Include validation/testing as a core part of the spec?

Open tyarkoni opened this issue 5 years ago • 0 comments

Per discussion with the core team, one problem that's repeatedly come up is what to do about discrepancies in output. It's a foregone conclusion that different simulators/environments will produce different outputs at some level of granularity (if only because of floating point arithmetic differences), so the goal can't realistically be perfect reproducibility across all environments. BUT we do want to have some way of expressing what the intended/expected behavior is. E.g., if you build a model in NEURON, it might not give you exactly the same result if executed in PsyNeuLink, but the person who wrote the model (or someone else) should be able to say "we consider the result valid if, given inputs like this, the outputs look roughly like this, and the fitted/learned model parameters are in this range."

The suggestion here is to have some basic testing/validation annotations be a formal part of the specification. There are many ways to implement this, but the following seems like a reasonable set of core features we may want to include (or at least, discuss here):

This should be entirely optional (i.e., including a validation specification does not render a model document invalid), but strongly encouraged.
The validation specification should not be tied to any particular environment. I.e., it shouldn't say "you need to run the following routine in NEURON with these arguments in order to determine whether the results are valid. We'll probably want to have a separate subsection where users can indicate what environment the model was developed/run in, but that's a separate concern—the idea here is to have an environment-agnostic specification that formalizes what conditions a user deems to constitute a success.
Have a simple way to define discrete test cases. I.e., the approach could be analogous to standard software testing procedures, where you define example inputs, and then state what conditions have to hold on the output and learned model parameters.
Make reference to named parameters to the degree possible.
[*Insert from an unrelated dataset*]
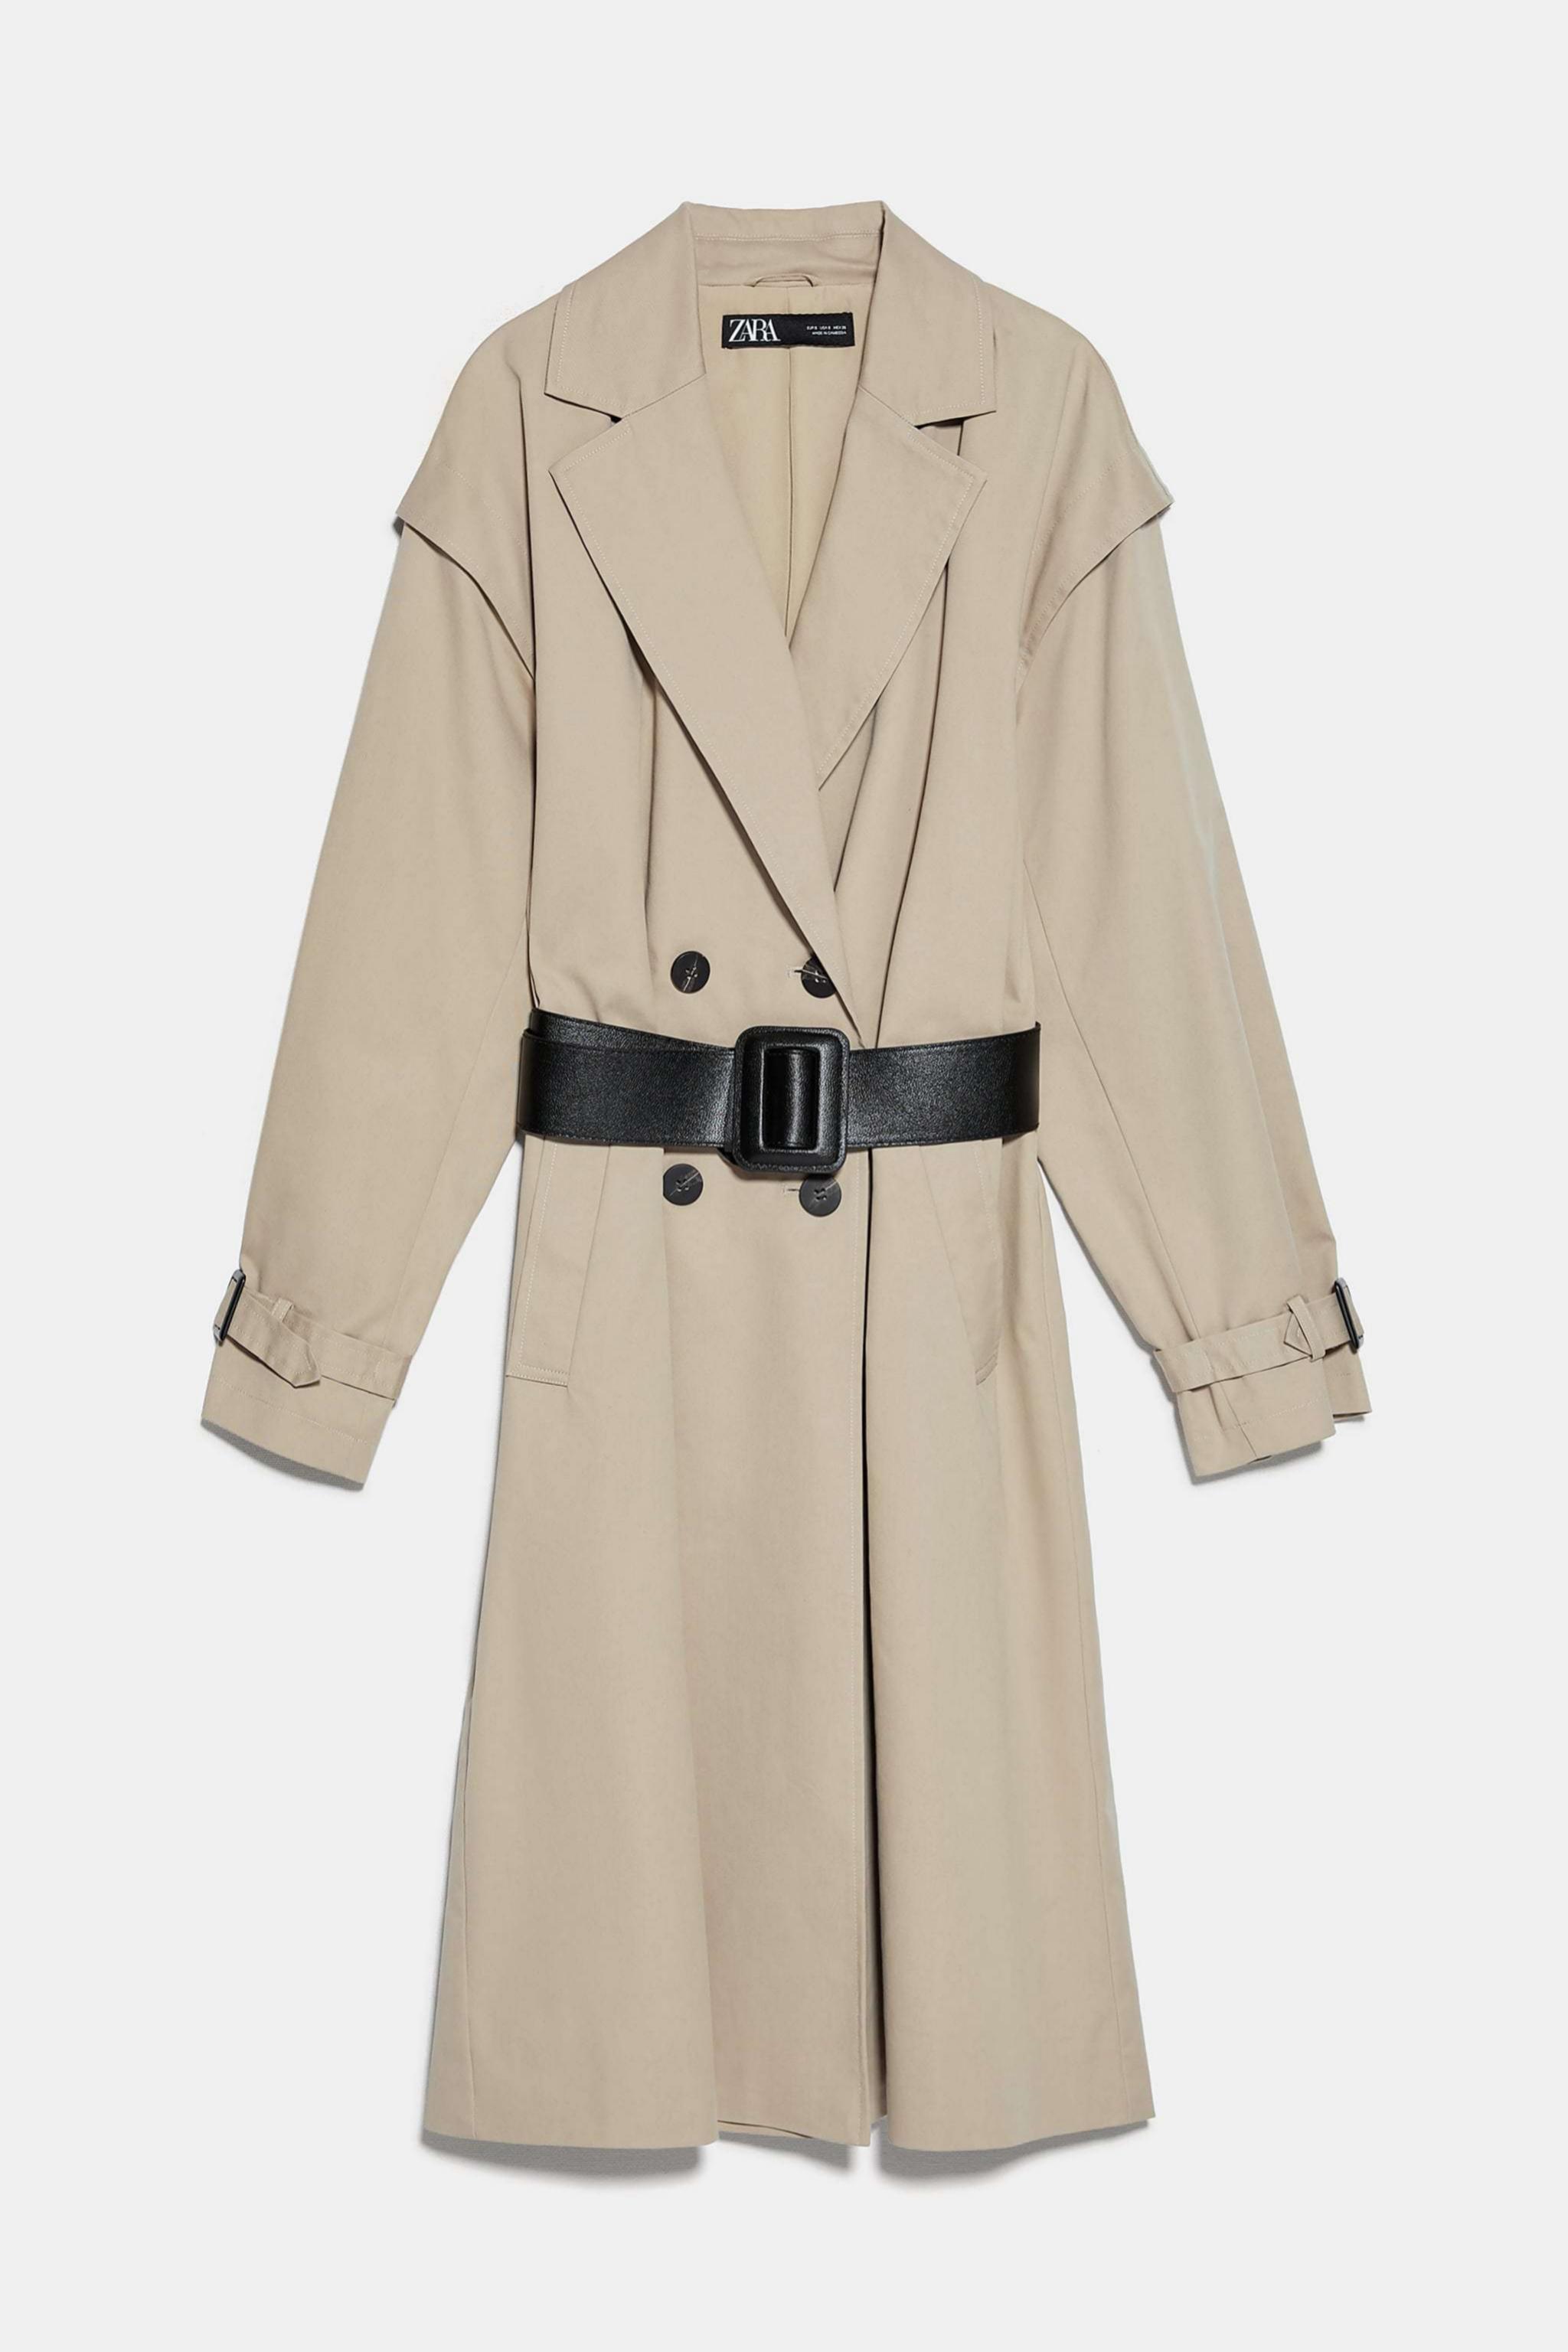 Gabardina <em>oversized</em> con cinturón de Zara (69,95¤)

For any output variables or internal model parameters that have named, it becomes easy (at least in principle) to specify simple conditions. E.g., "50 < node65.spikeRate < 100".
The set of available assertions would (at least initially) be very limited; it's probably not reasonable to let people, e.g., specify that the K-L divergence of some parameter has to be within X of a normal distribution. Limiting to basic logical/comparison operators, and maybe some really basic descriptive statistics (mean, variance, etc.) seems reasonable.

Putting those ideas together, we might have something like this (this is just intended to convey the idea, not to imply any commitment to this kind of structure/syntax):

{
    "tests": [
        {
            "inputs": {
                "data1": [
                    4,
                    3,
                    1,
                    5
                ],
                "data2": "my_critical_data.txt",
                "epochs": 300
            },
            "assertions": {
                "outputs": [
                    "all(output1) >= 0",
                    "8.3 <= mean(output1) <= 8.6"
                ],
                "parameters": [
                    "50 <= node1.spikeRate <= 100"
                ]
            }
        },
        {
            ...
        }
    ]
}

Feb 12 '21 18:02 tyarkoni